Look below for the line that contains "WINWIN打包勝利 冬令營 招生中", then copy it and each following line exactly, through and including the line that contains "2012-12-14 Wilkowice - Konferencja".

# Supplied material:
* * * * * * * * *

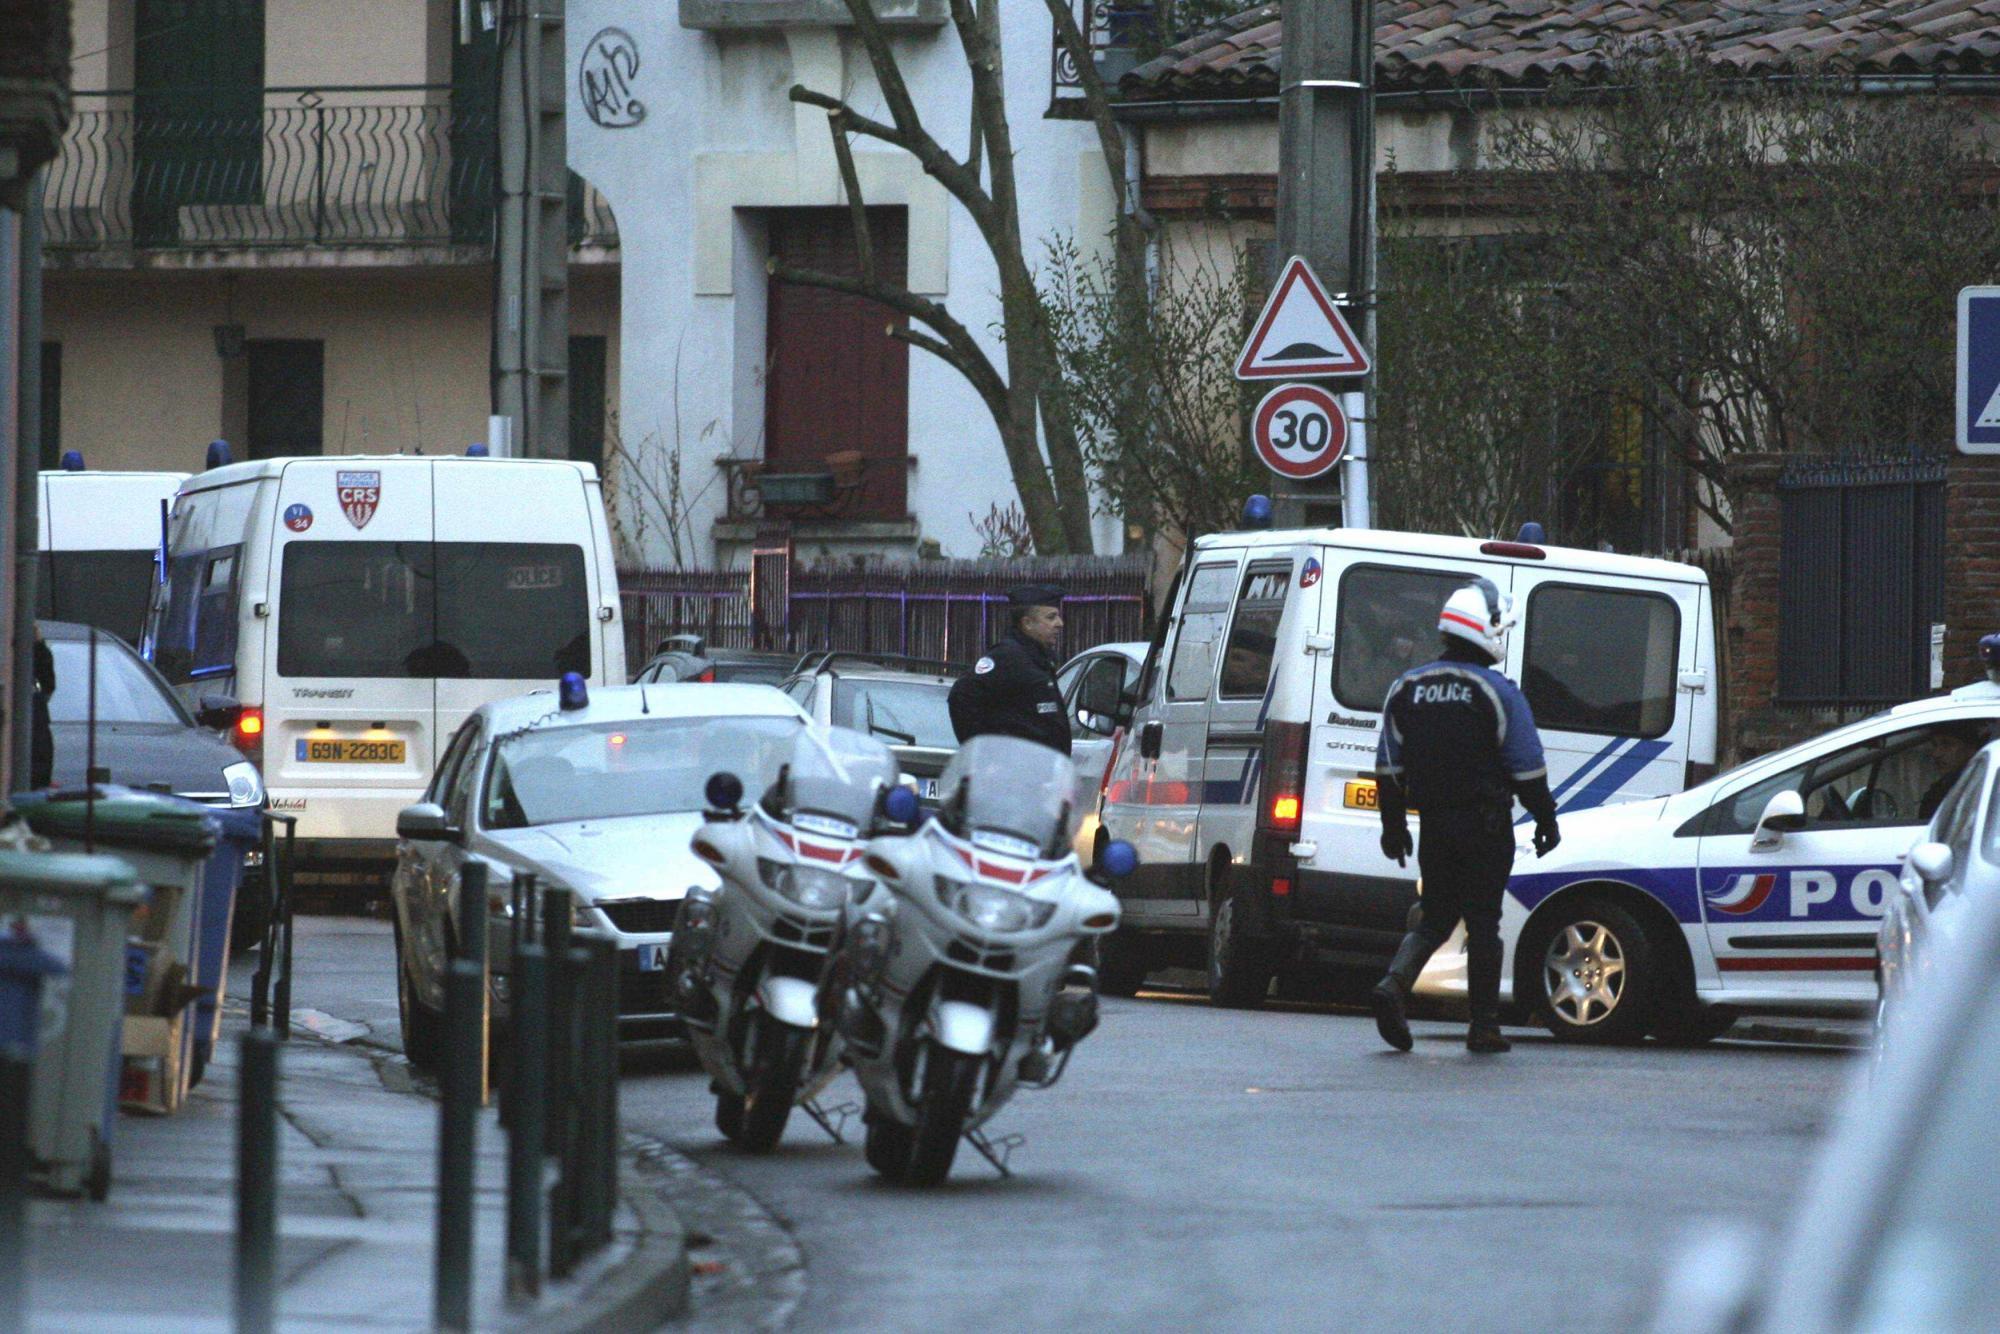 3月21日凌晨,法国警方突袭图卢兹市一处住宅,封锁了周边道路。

* * * * * * * * *

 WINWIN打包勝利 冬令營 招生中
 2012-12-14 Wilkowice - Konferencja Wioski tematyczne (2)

* * * * * * * * *

# Expected answer:
 WINWIN打包勝利 冬令營 招生中
 2012-12-14 Wilkowice - Konferencja Wioski tematyczne (2)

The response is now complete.